§ **EXERCISE DETAILS**
Pictures stay out; print the rest of the listing below exactly as it stands.

§ **RAW DATA**
###
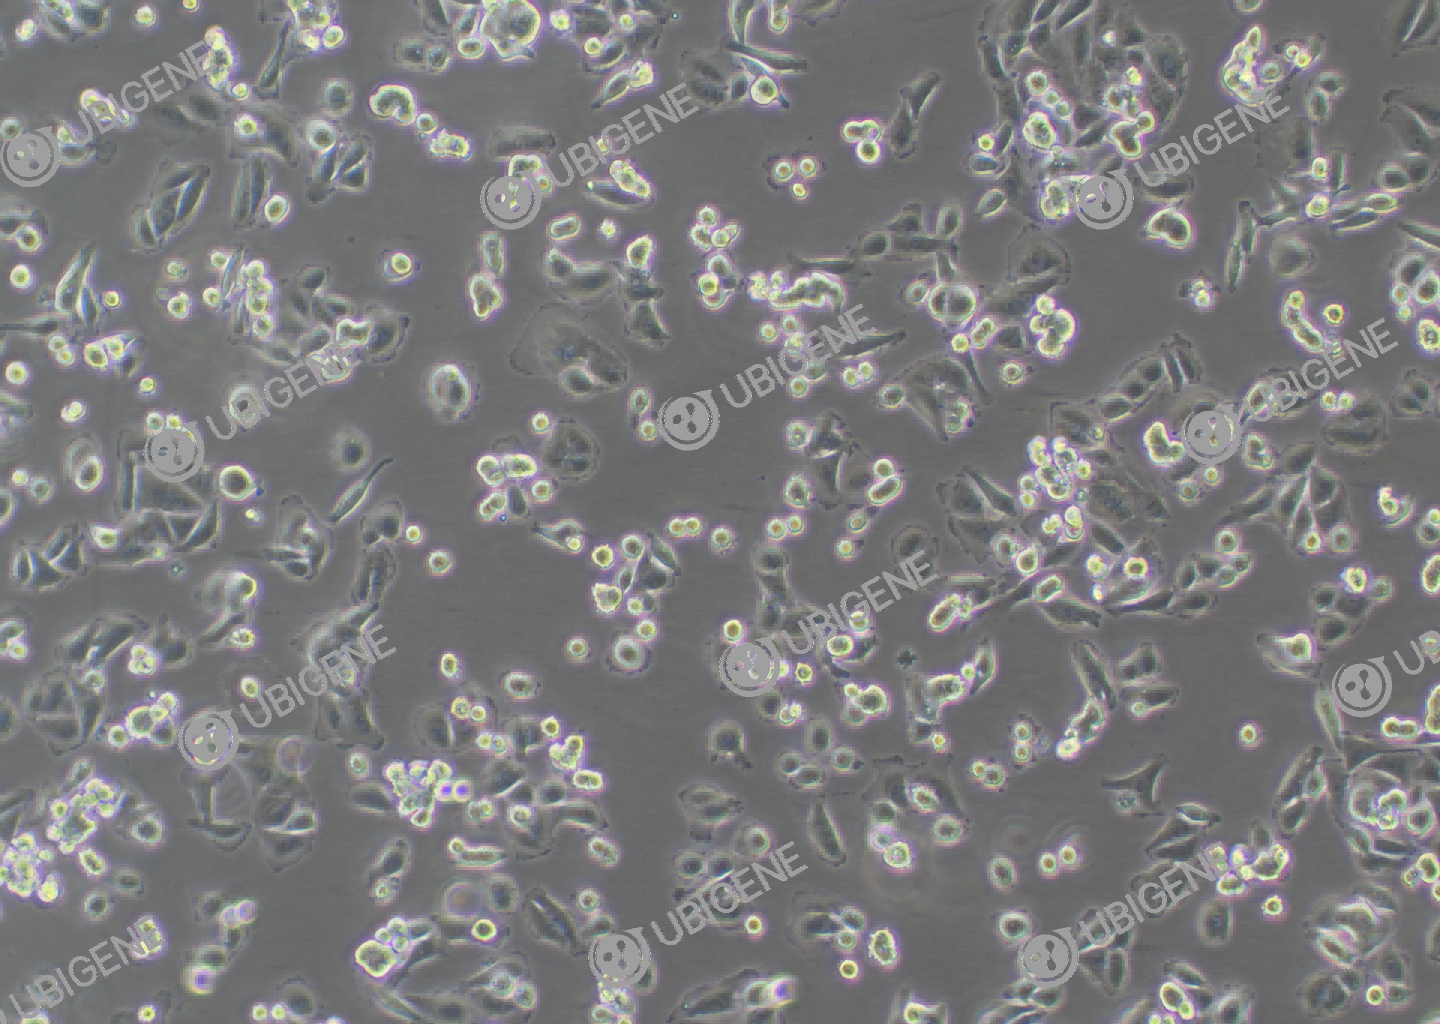 SW480 cell line Cultured cell morphology
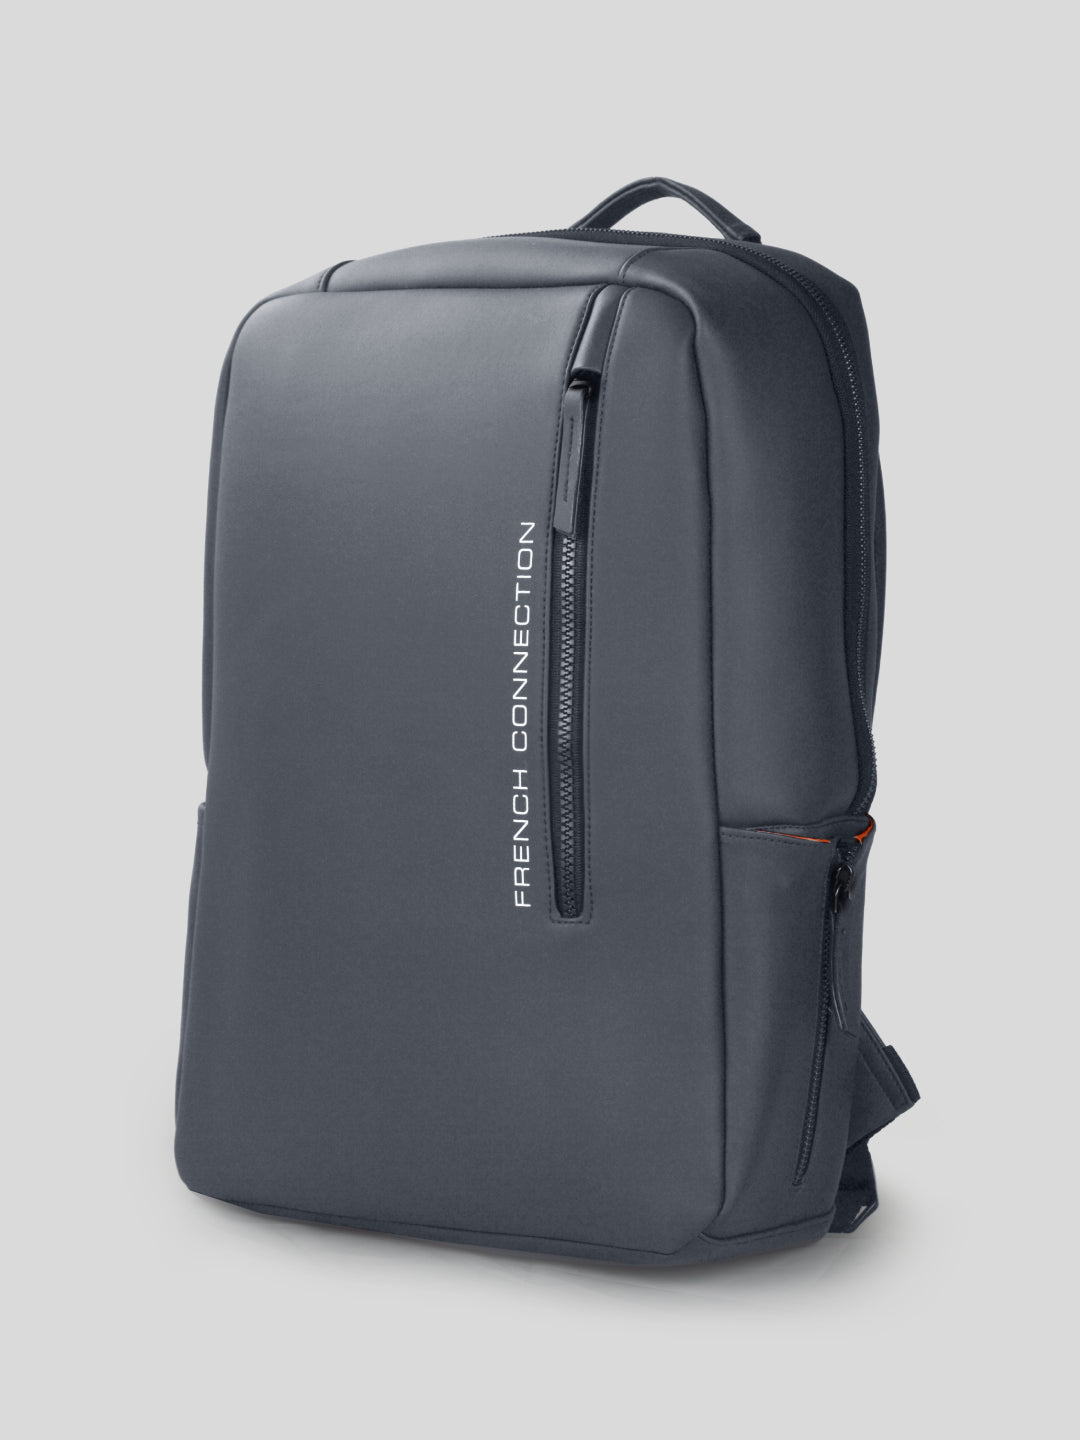 French Connection Grey Backpack
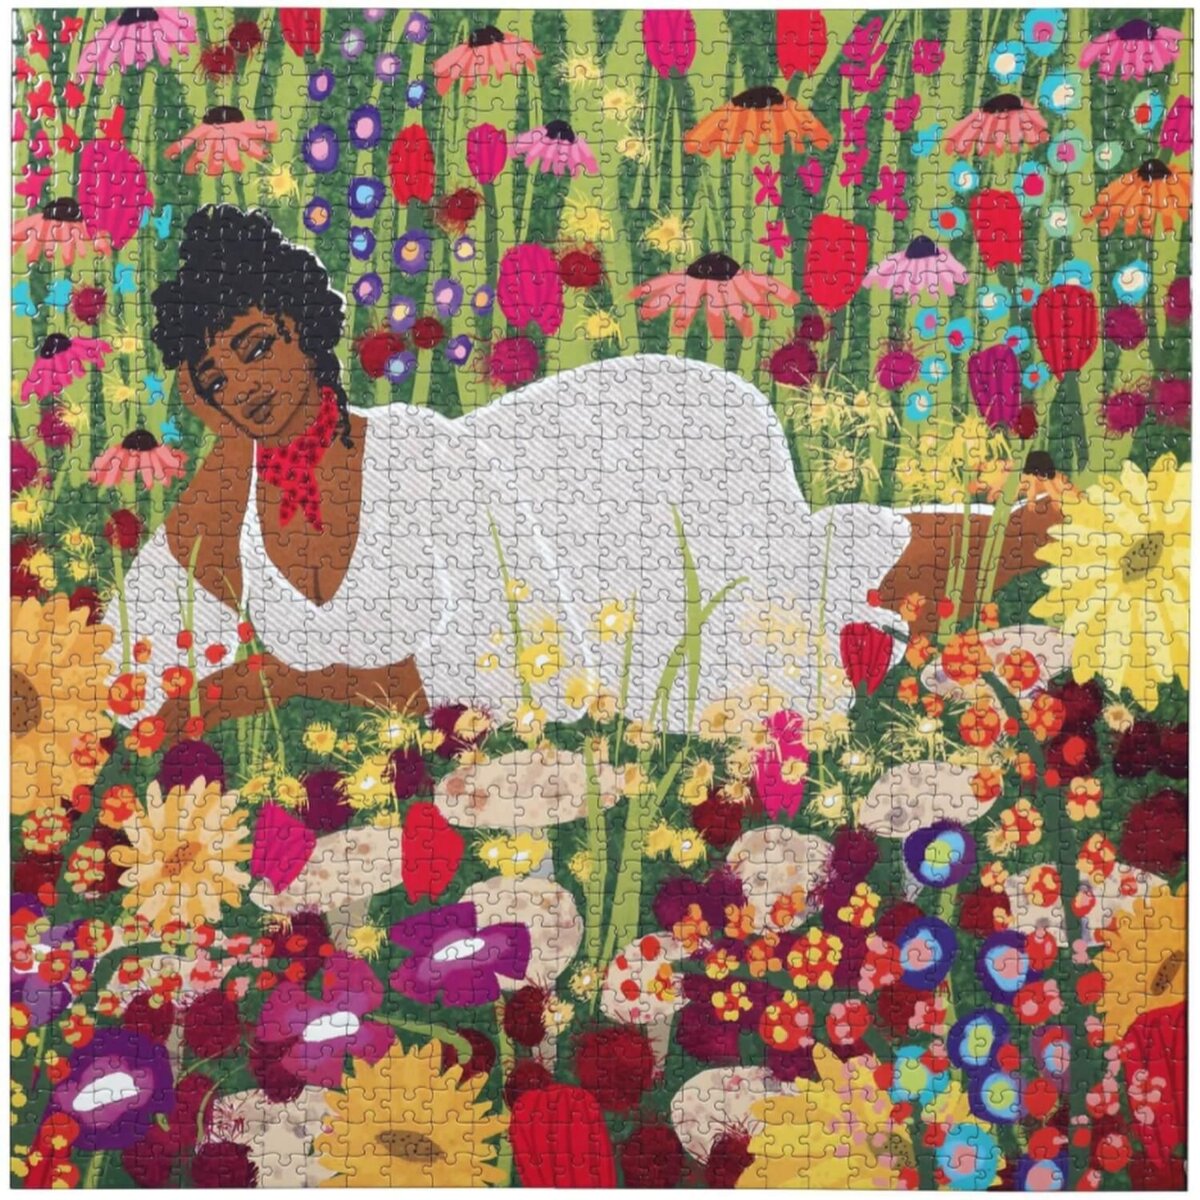 Eeboo Puzzle 1000 pièces : Woman In Flowers
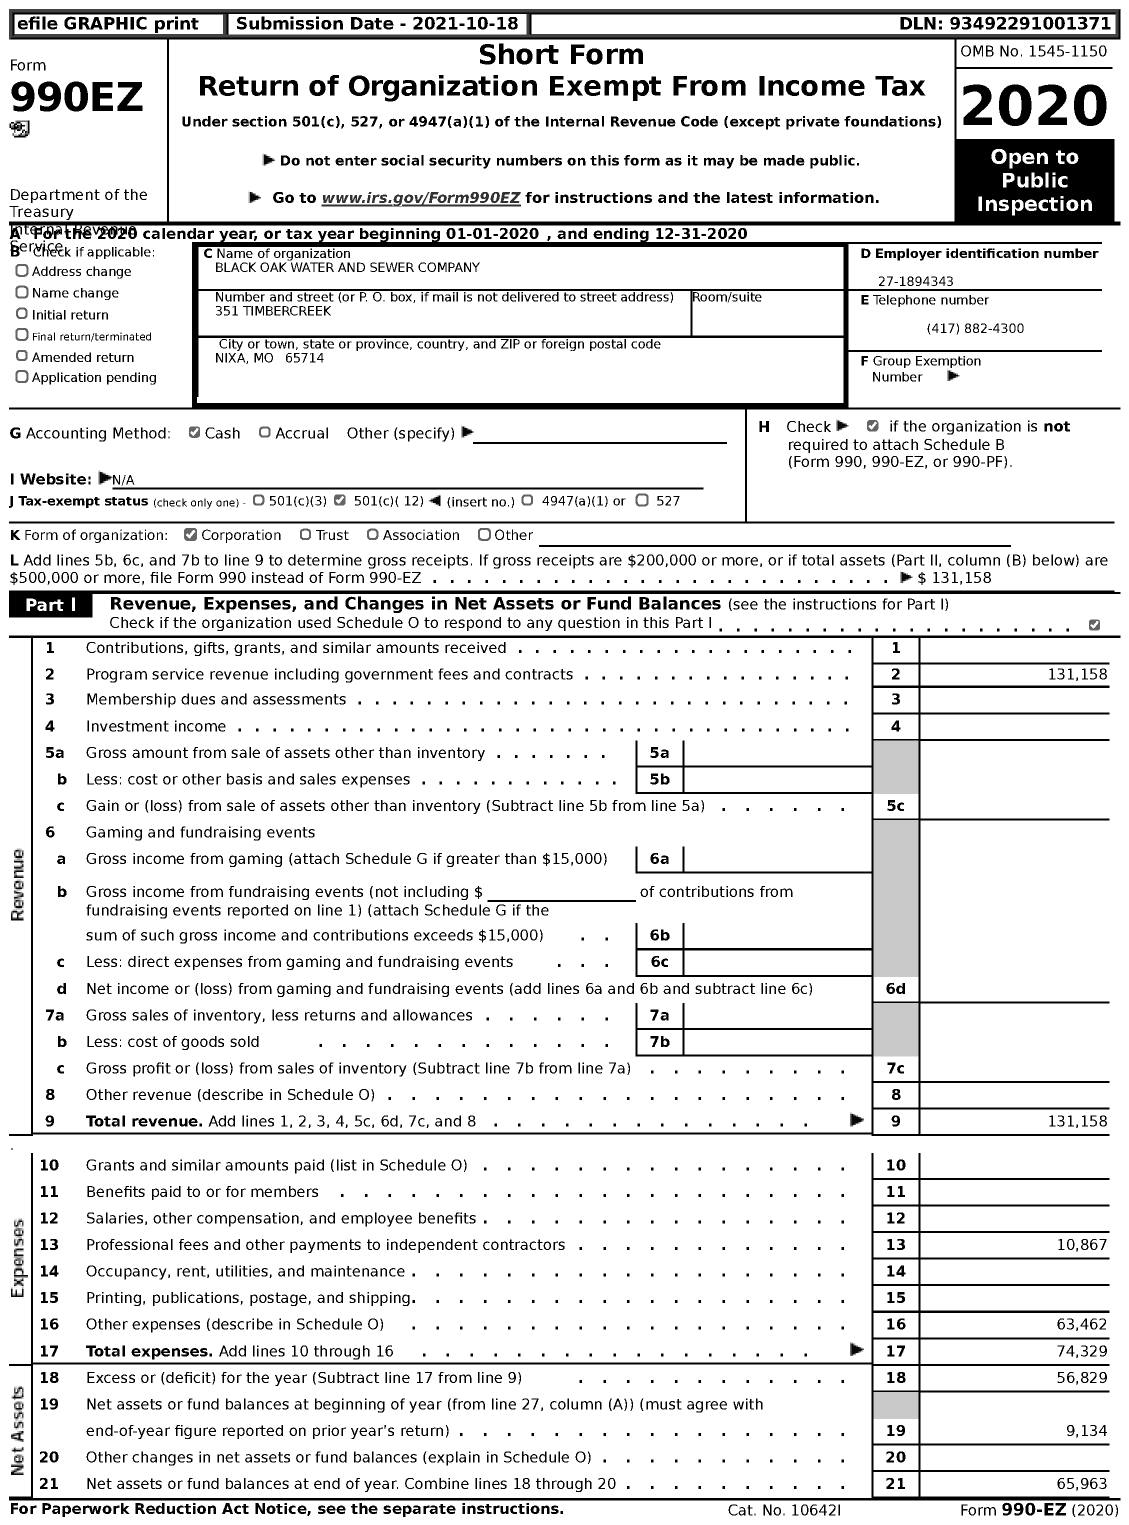 Image of first page of 2020 Form 990EZ for Black Oak Water and Sewer Company
###
§ **PROBLEM SOLUTION**
 SW480 cell line Cultured cell morphology
 French Connection Grey Backpack
 Eeboo Puzzle 1000 pièces : Woman In Flowers
 Image of first page of 2020 Form 990EZ for Black Oak Water and Sewer Company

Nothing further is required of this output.